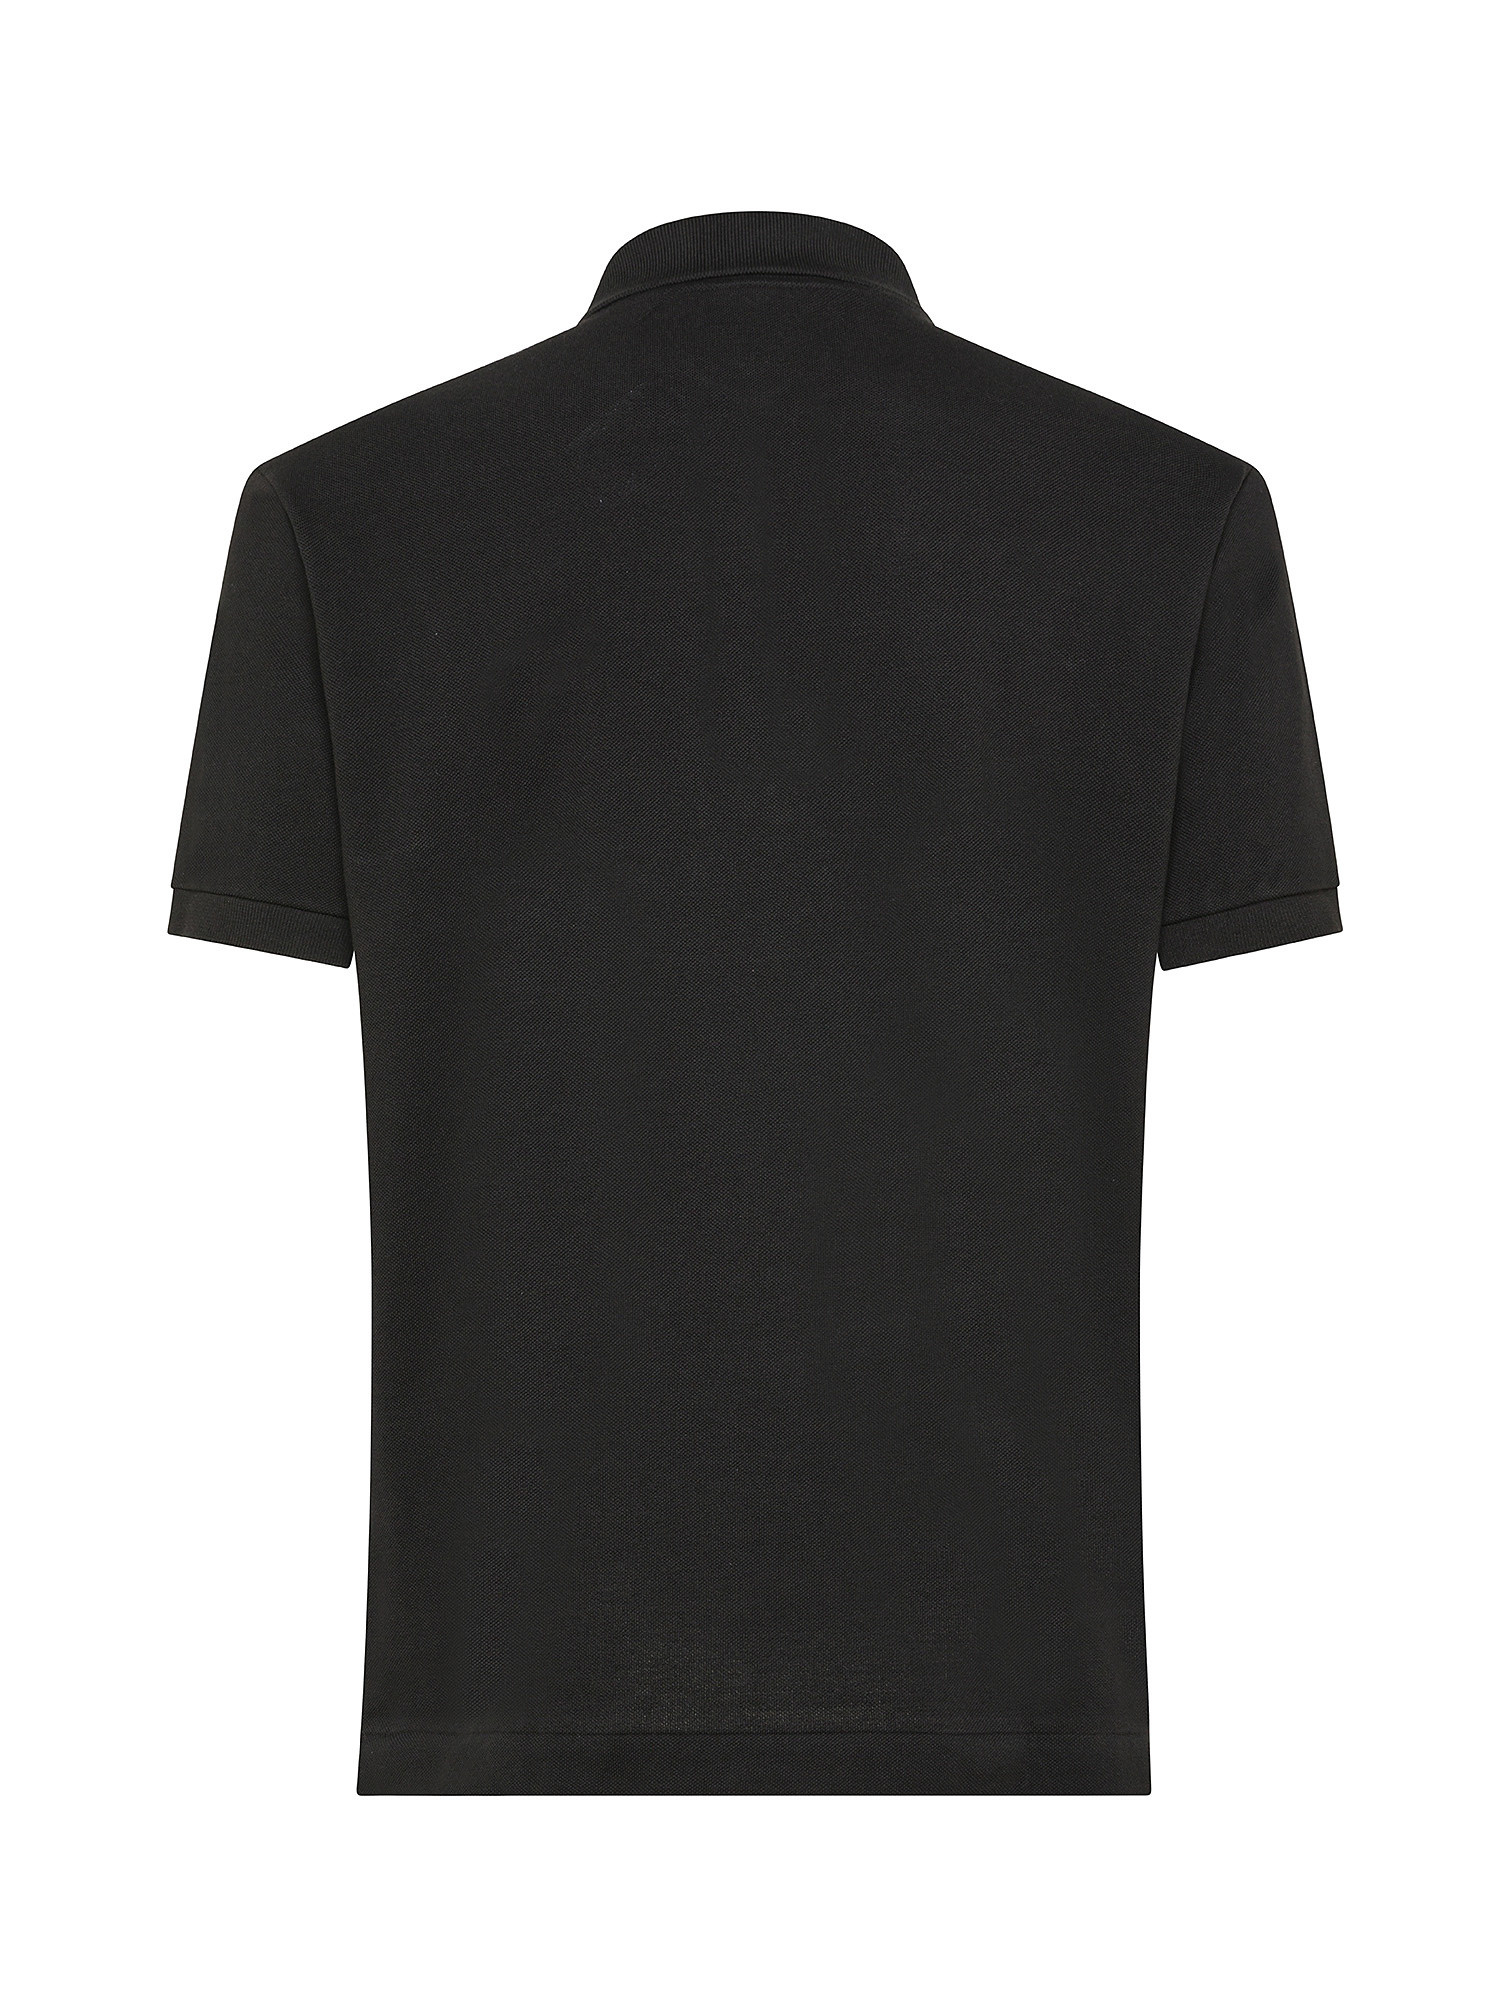 Lacoste - Classic cut polo shirt in petit piquè cotton, Black, large image number 1
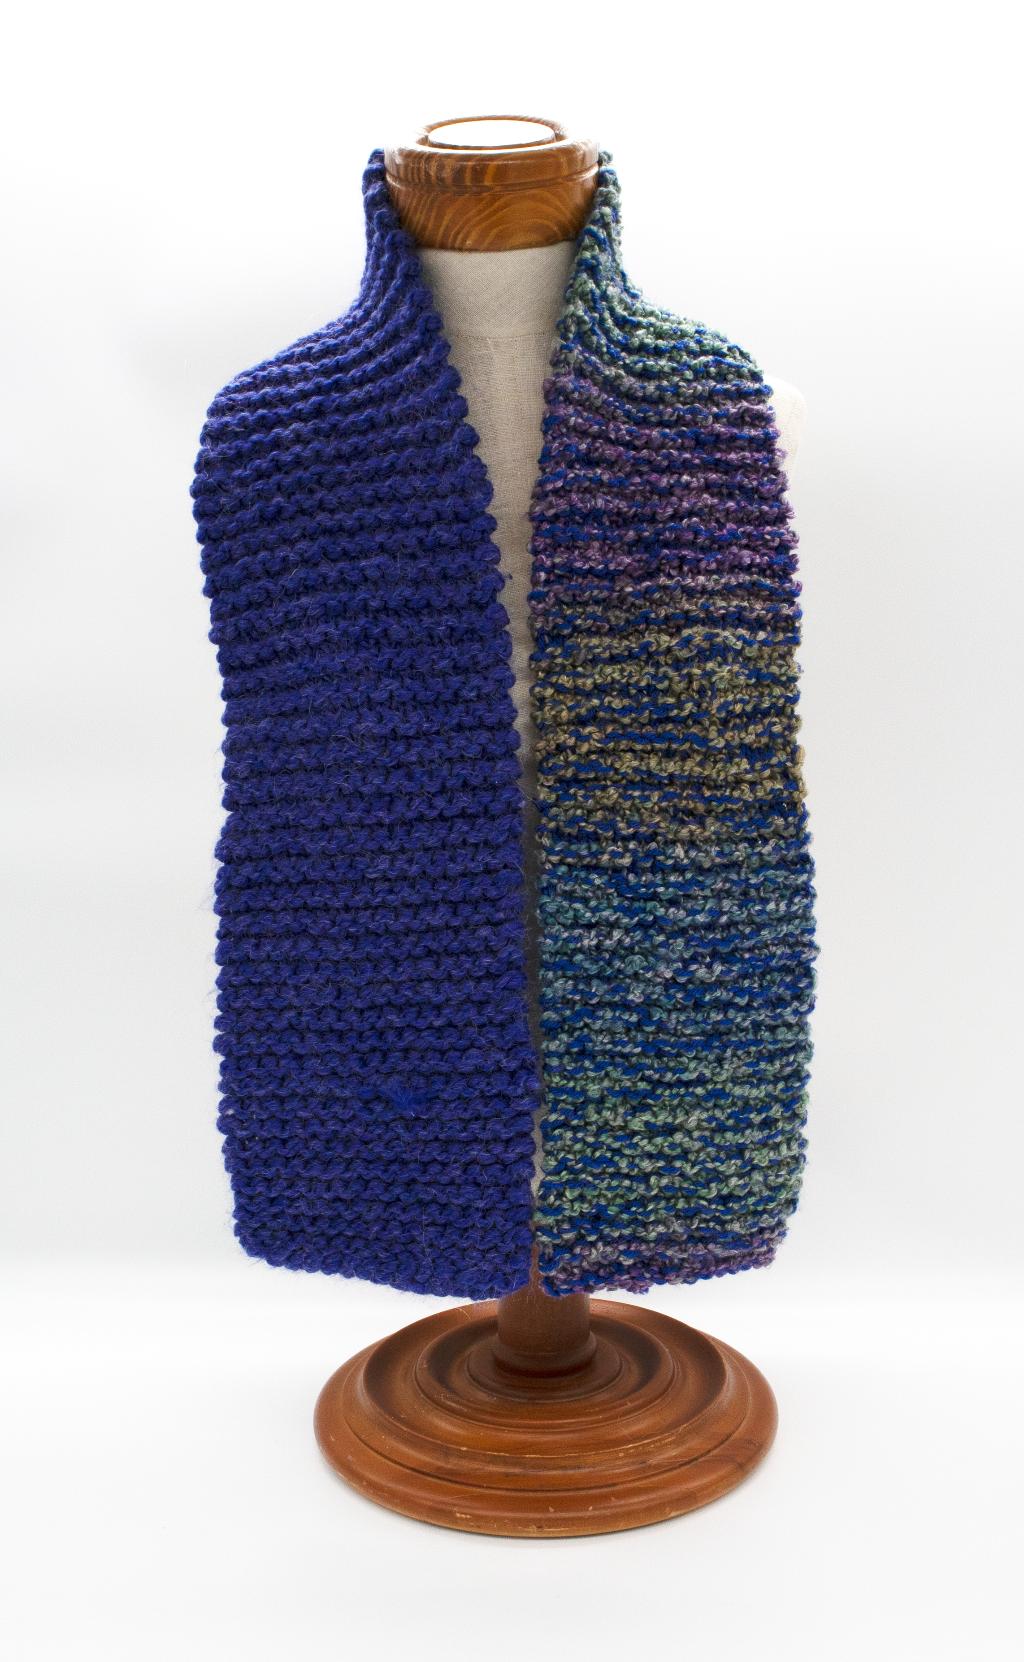 ''Pretty Purples'' scarf by June Hegedus
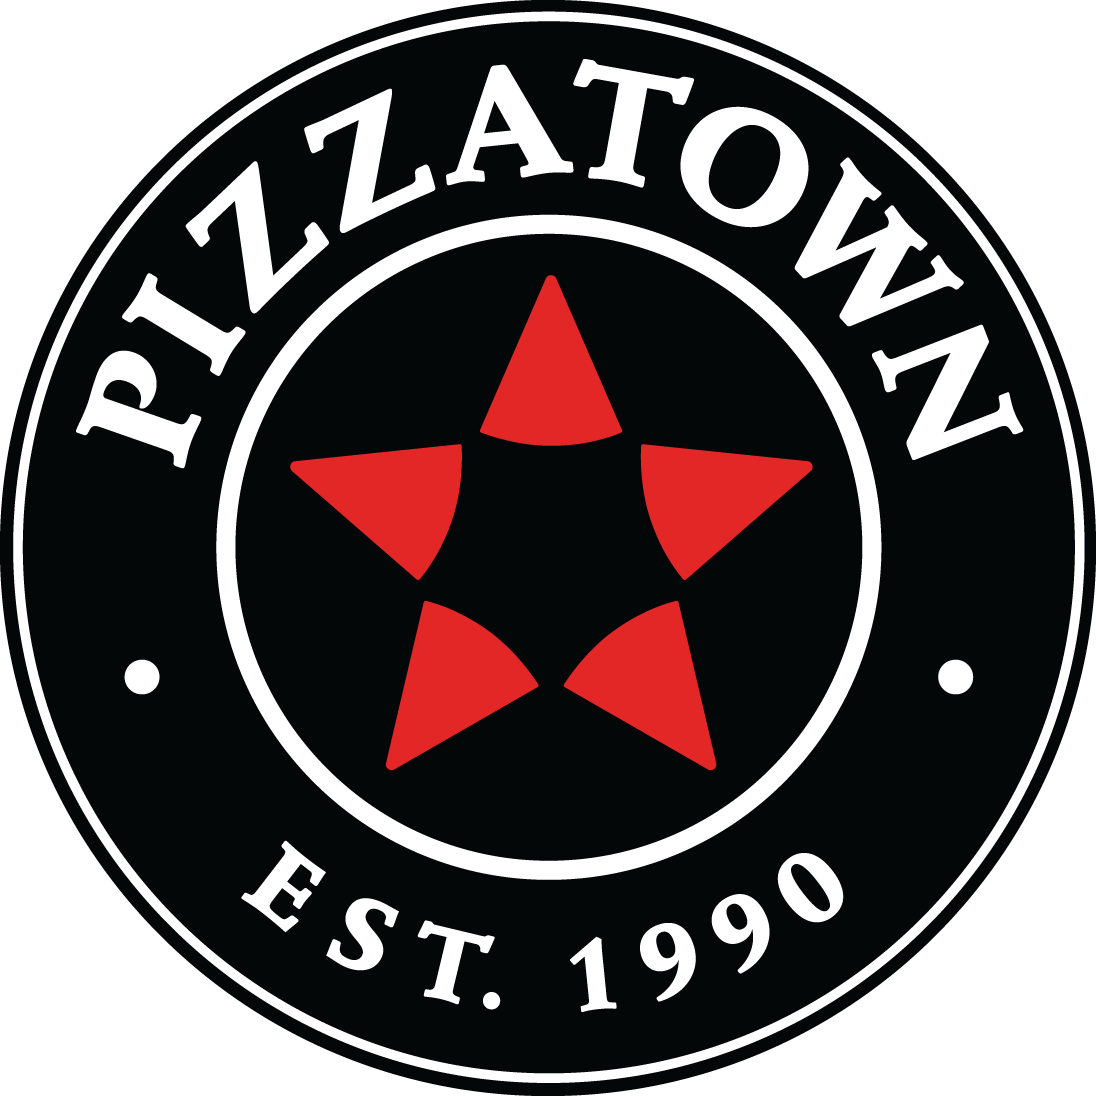 Pizzatown Original
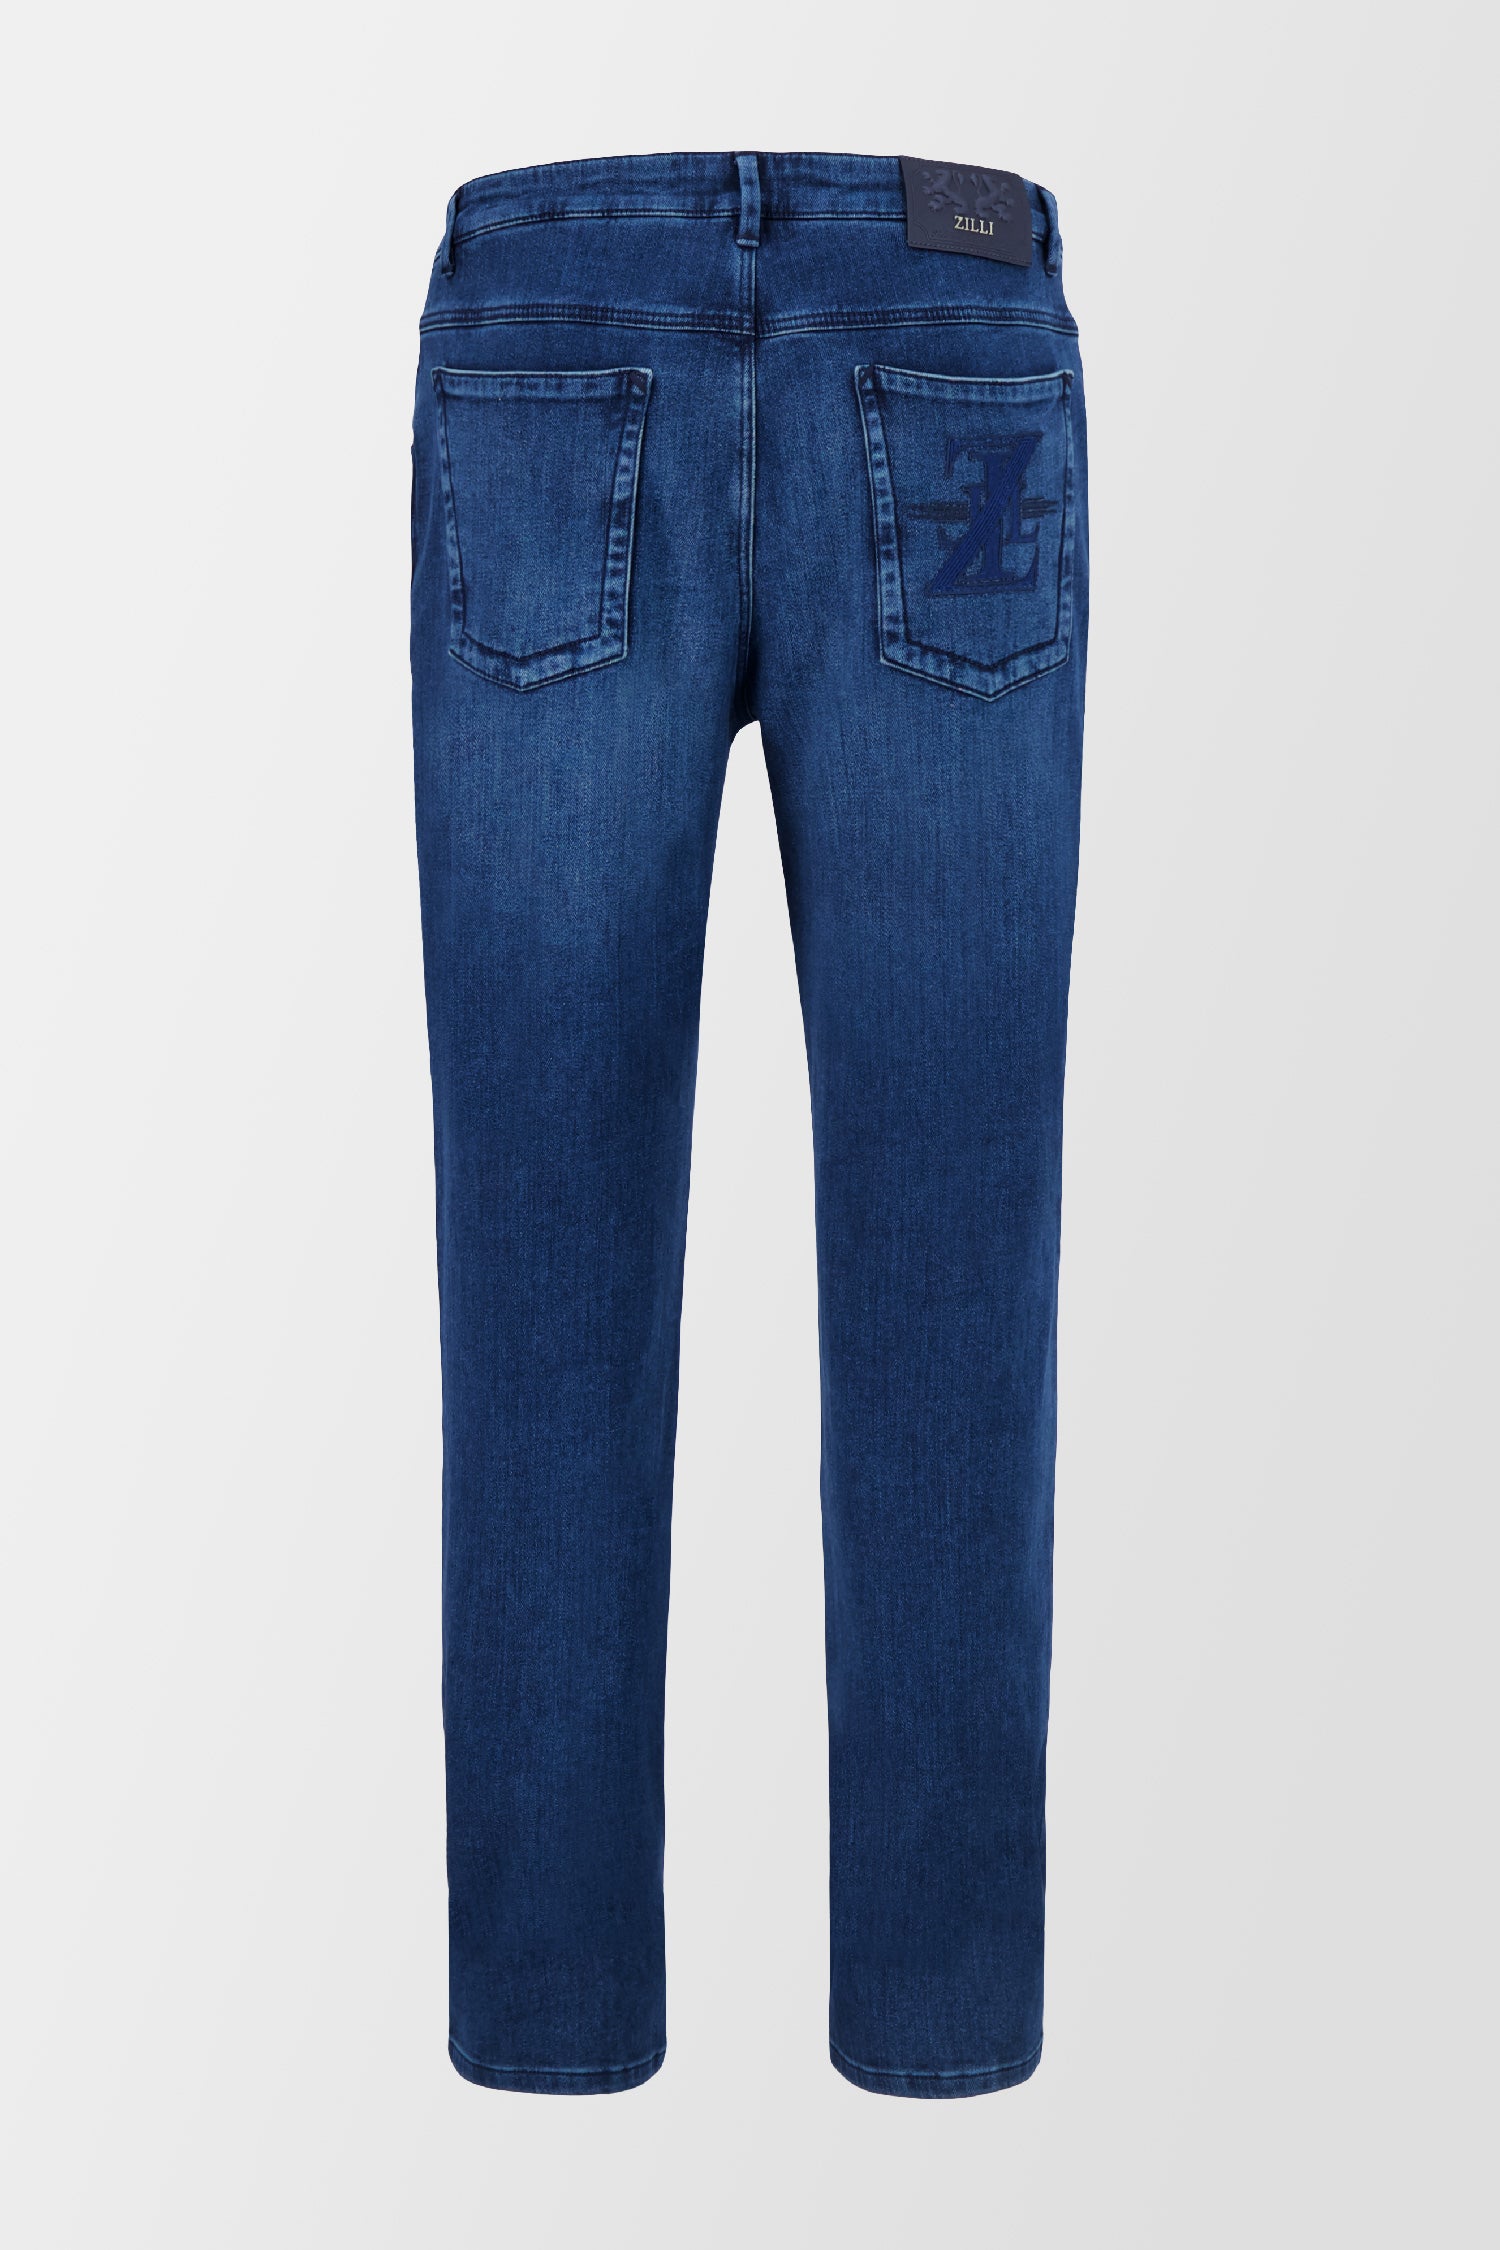 Zilli Blue Classic Jeans

● Problem to solve
Leave out all pictures and extract exactly the lines from the line with "by June Hegedus" through the end of the material.

● Exercise answer
 ''Pretty Purples'' scarf by June Hegedus
 Pizzatown Original
 Zilli Blue Classic Jeans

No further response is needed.